Gordon reappeared and started dashing up after the rockets. Jason pulled out his old non-magical telescope. Slowing his descent into a glide for stability. He eyed off the yacht below, which he realised was even bigger than he originally thought. It was the class of profoundly expensive super yachts that even all his gold might not be enough to buy.
He picked out a shadow on the sun deck made by an awning, then used his cloak to shadow jump directly onto the yacht. He immediately reconjured his cloak, which blended him into the shadows as he listened to voices coming from the deck below.
“Where did he go?” one voice asked. “Why didn’t the rockets go after him? They have magically enhanced tracking systems.”
“How would I know?” a second voice asked. “You made a big deal about these weapons to the Network man and they don’t do a thing.”
“They’re powerful weapons!” the first man insisted.
“Then maybe you got broken ones because these didn’t do a thing,” a third man said.
“You’re taking his side? You told me just this morning how impressed you were with the drones.”
Jason recognised that the three men were arguing in French. It was the result of his practise at actively listening to people to recognise the languages his power translated for him. It had been a reason to watch some of the foreign films he always told himself he should be watching instead of trashy action films. He ended up compromising by watching trashy, foreign-language action films.
The three men talking were silver-rankers, but not essence users. Their magic had the same feel as the EOA thugs that Vermillion had once talked him out of fighting. There were others around the yacht, which was no smaller or less well-appointed than his houseboat, at least from a non-magical perspective. The yacht was an ordinary vehicle, unlike the plane that had been taken out.
The bulk of the auras were bronze-rank, except for the three silvers continuing to argue on the deck.
“Where did he go?” one of them asked.
“You think I know? Maybe he turned invisible or teleported onto the boat.”
“We need to find him before the boosts wear off. We shouldn’t have taken them so early.”
“We needed to fire the rockets.”
“For all the good they did! I don’t want to come back down in the middle of a fight. They said he was dangerous.”

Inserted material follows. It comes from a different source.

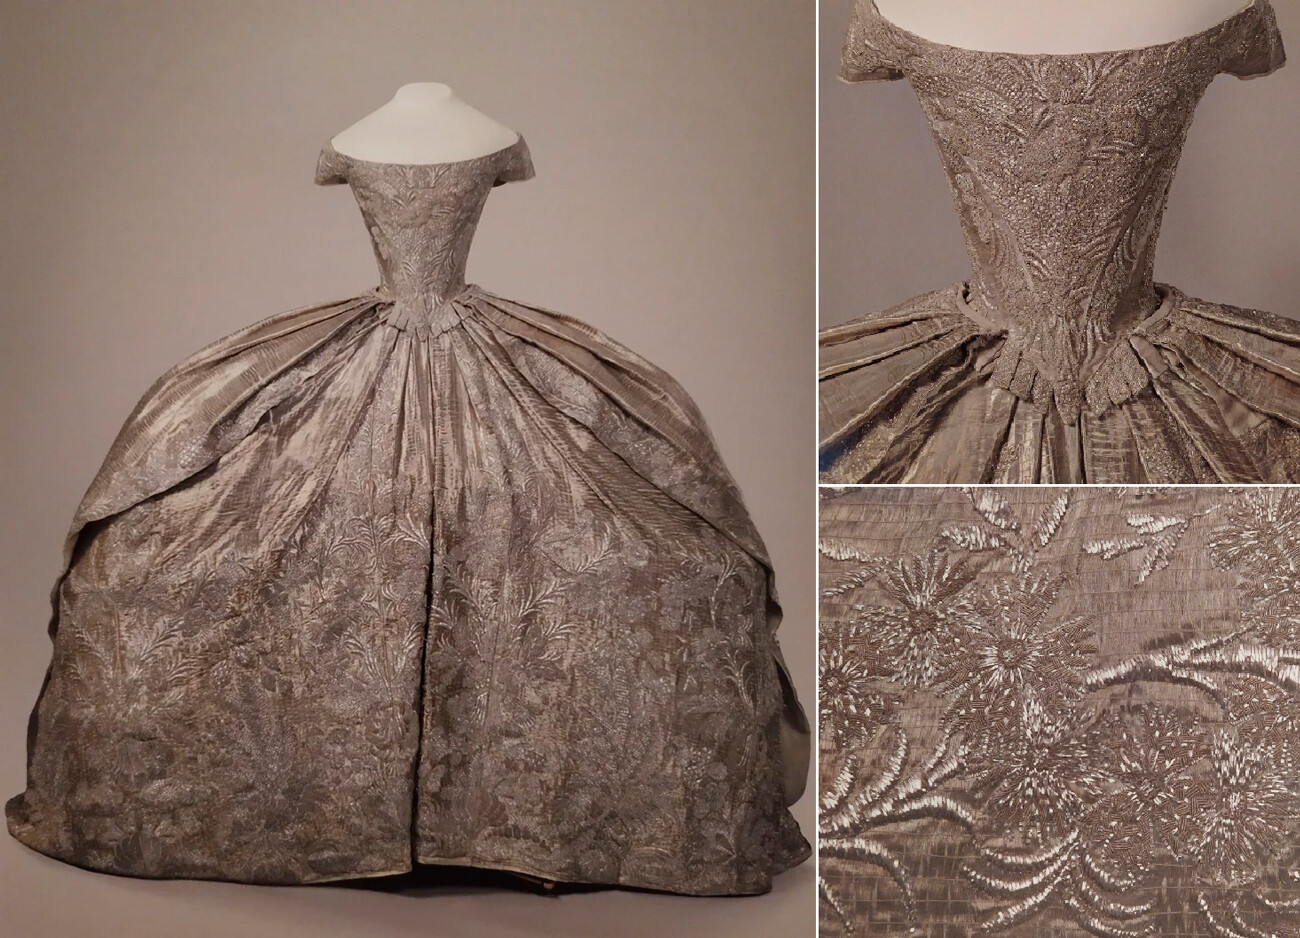 The wedding dress of Ekaterina Alexeevna, future Empress Catherine the Great. Russia, 1745.

“We don’t even know it was him.”
“Of course it was him. You think we got lucky and he died in the plane explosion? If that was going to kill him, they wouldn’t have sent us out here to finish him off with all these weapons that don’t do a damn thing. Now we do it our way, so get everyone to start searching.”
The three split up and started yelling orders to search the yacht to the other dozen crew Jason could sense, but it was unnecessary as Jason emerged from the shadows and dropped lightly to the lower deck, landing in front of the three men.